=== Section Start ===

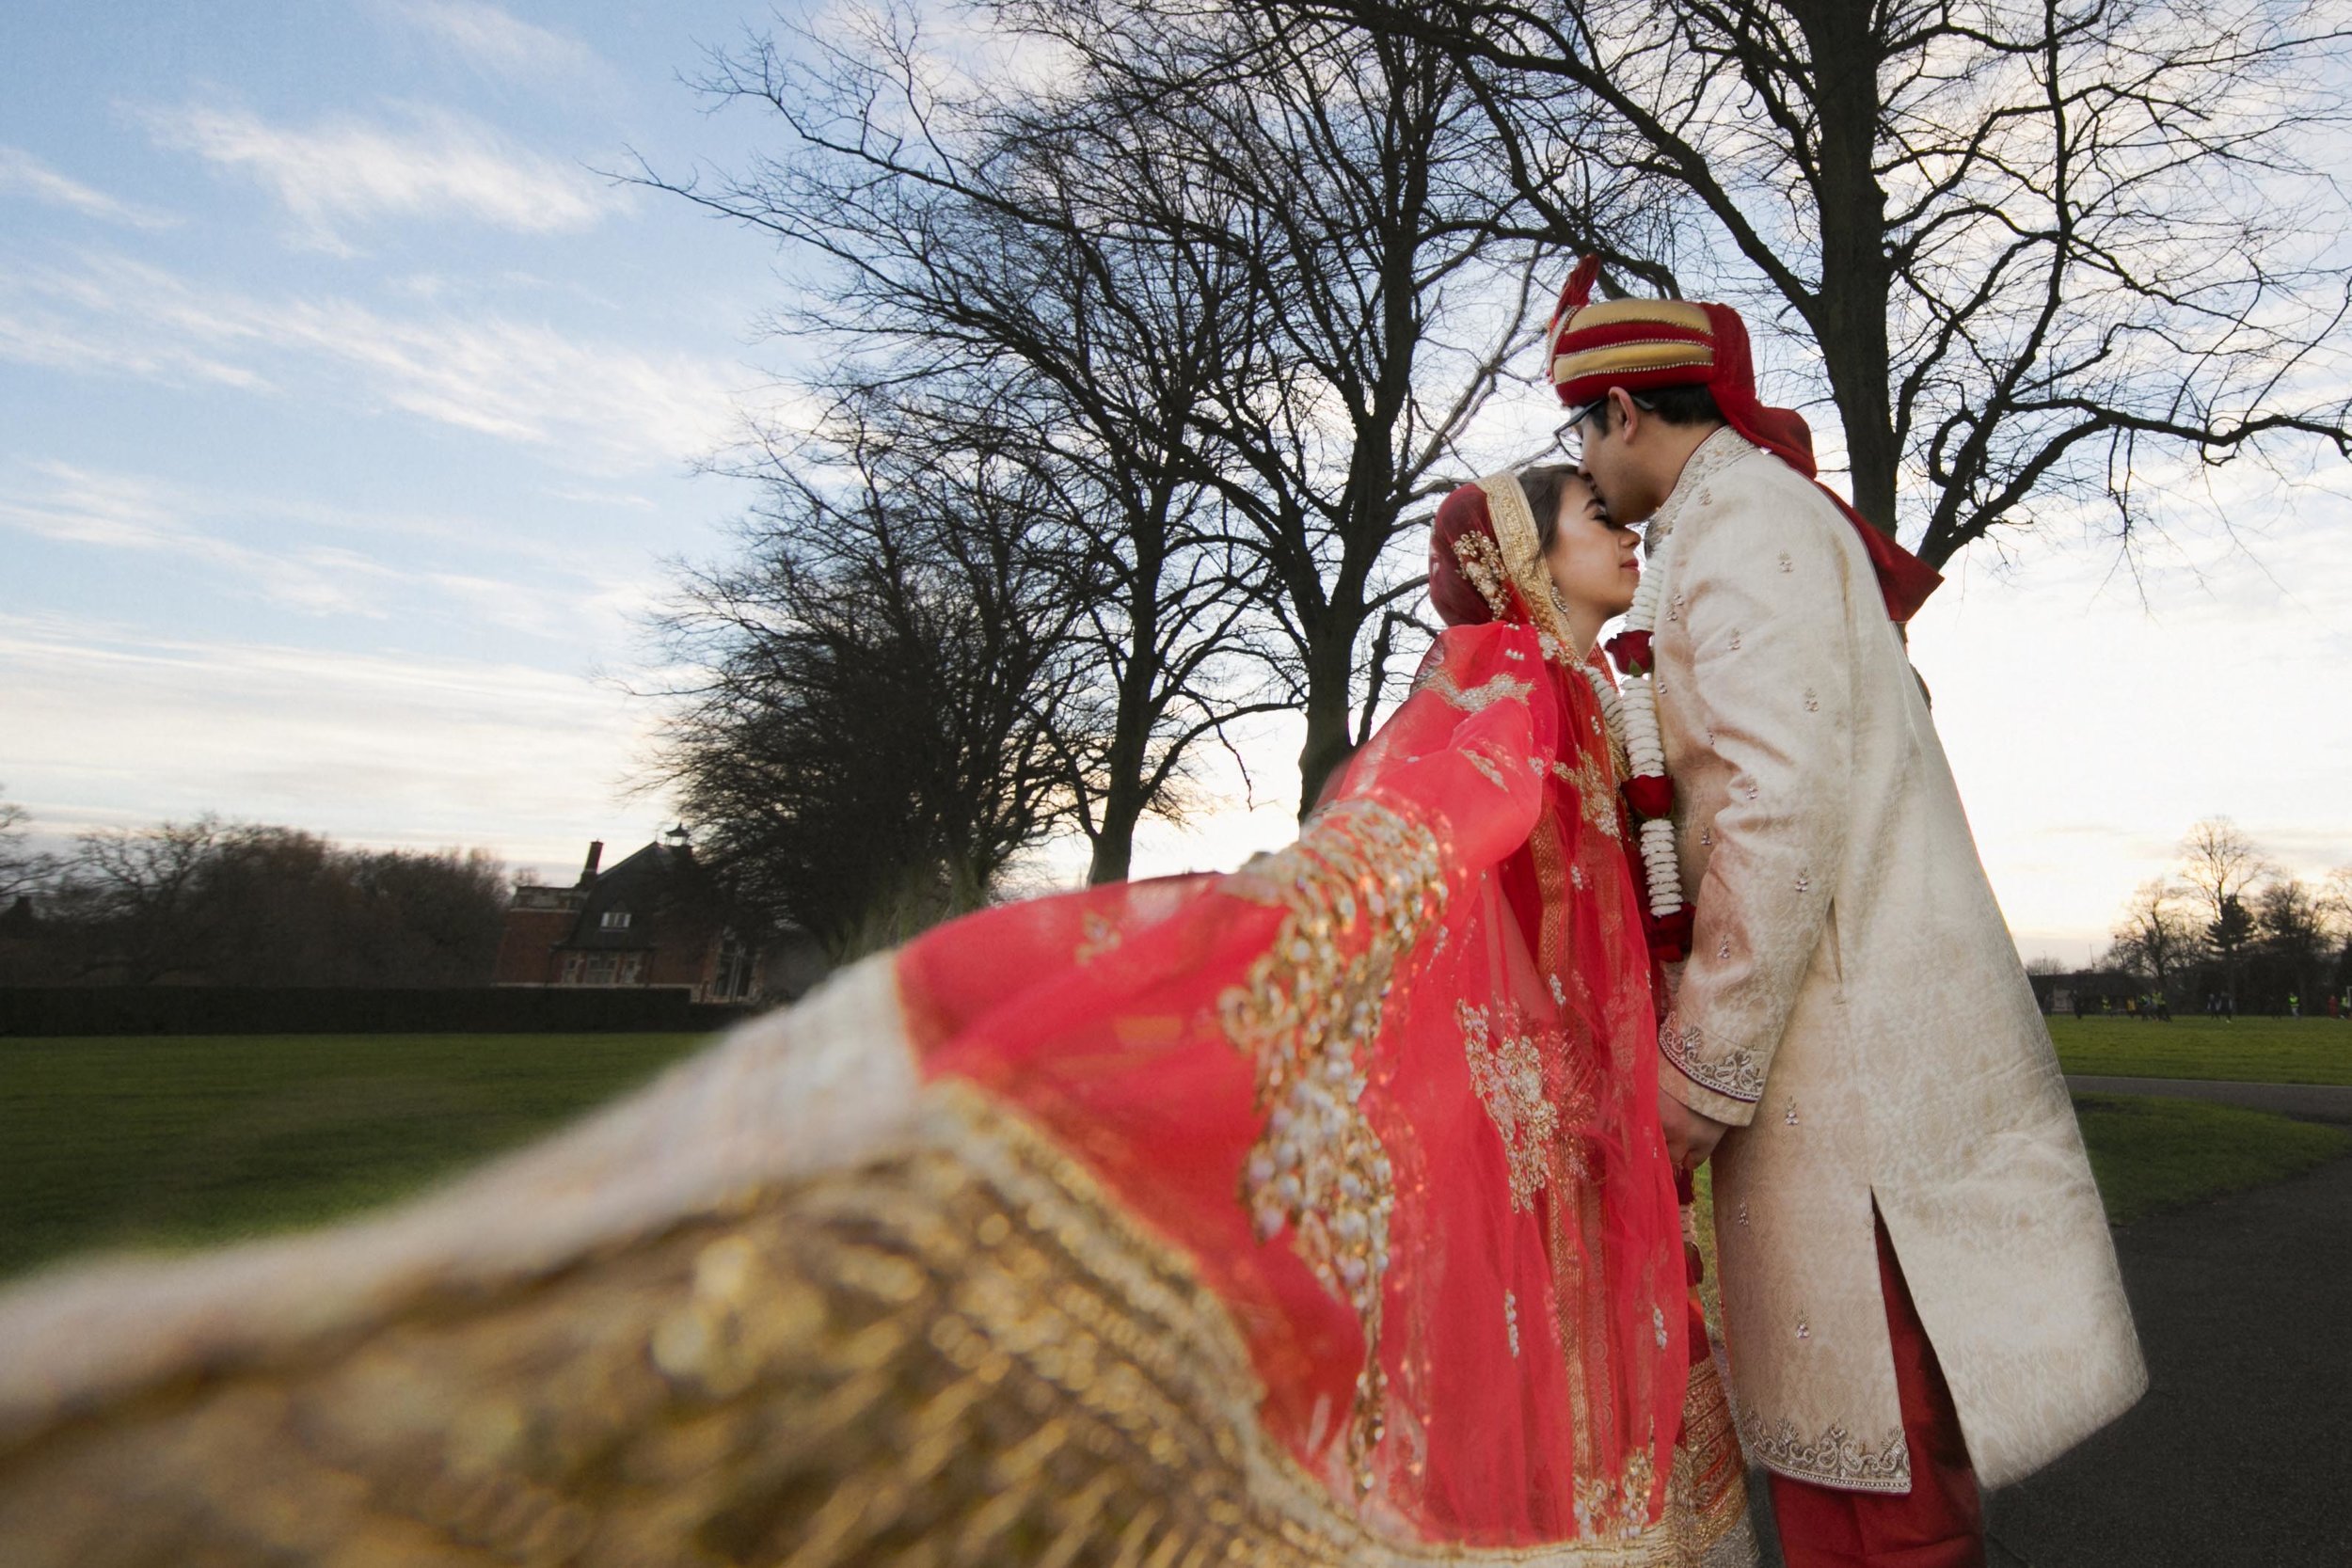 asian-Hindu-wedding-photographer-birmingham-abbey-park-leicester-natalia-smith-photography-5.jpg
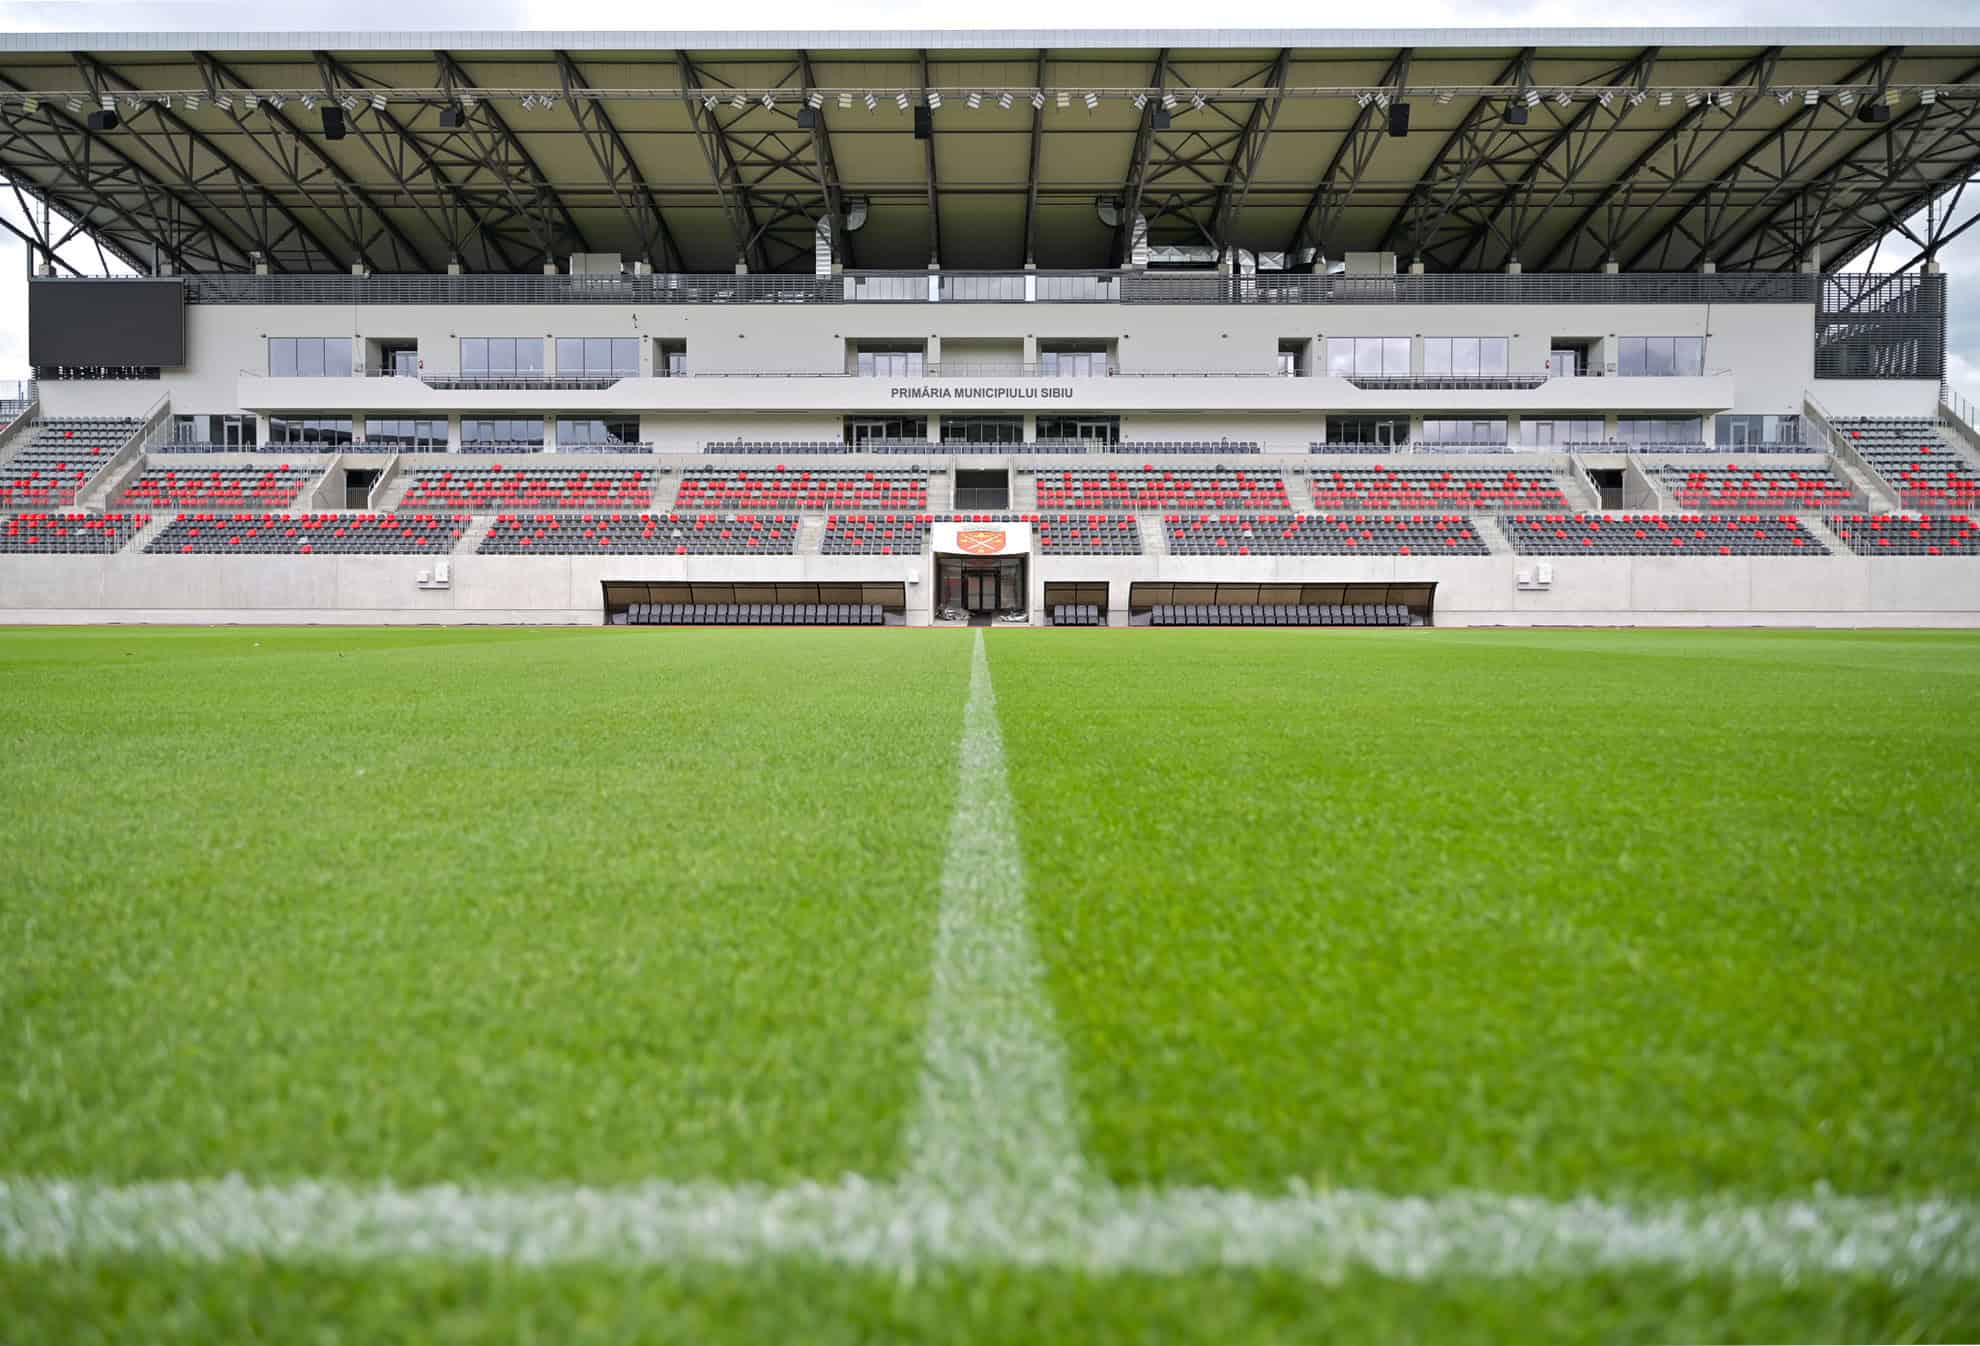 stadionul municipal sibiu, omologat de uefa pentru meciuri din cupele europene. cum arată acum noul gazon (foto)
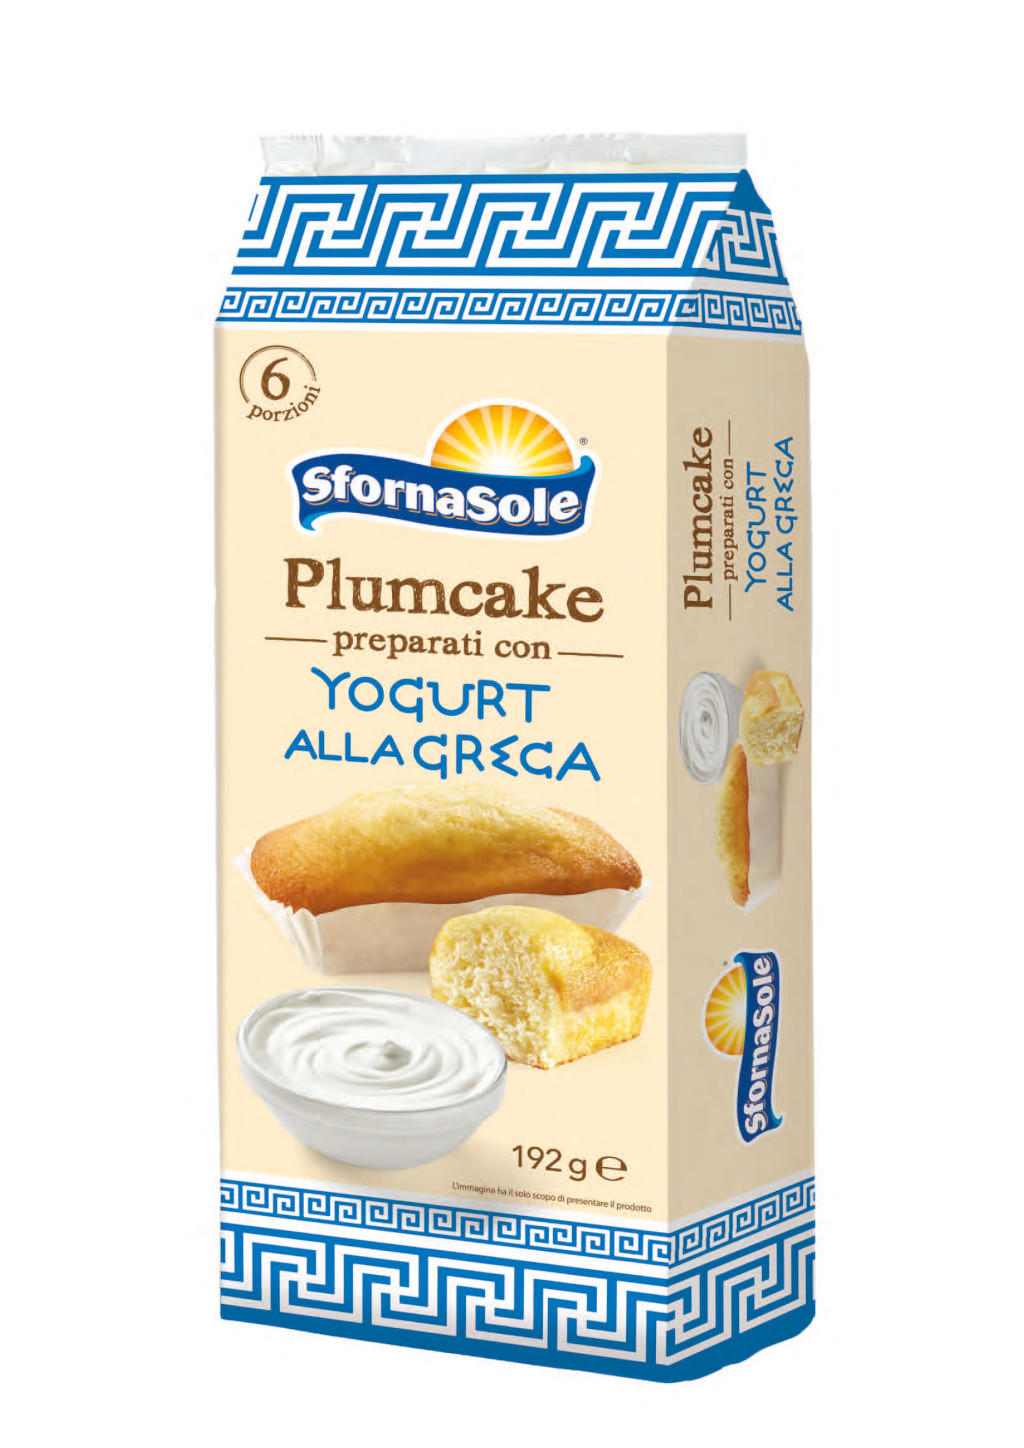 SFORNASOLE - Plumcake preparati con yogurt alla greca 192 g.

=== Section End ===

WHAT THE TASK REQUIRES. Please repeat every line from the listing above exactly as it appears. Drop the pictures.

TASK RESULT.
 asian-Hindu-wedding-photographer-birmingham-abbey-park-leicester-natalia-smith-photography-5.jpg
 stadionul municipal sibiu, omologat de uefa pentru meciuri din cupele europene. cum arată acum noul gazon (foto)
 SFORNASOLE - Plumcake preparati con yogurt alla greca 192 g.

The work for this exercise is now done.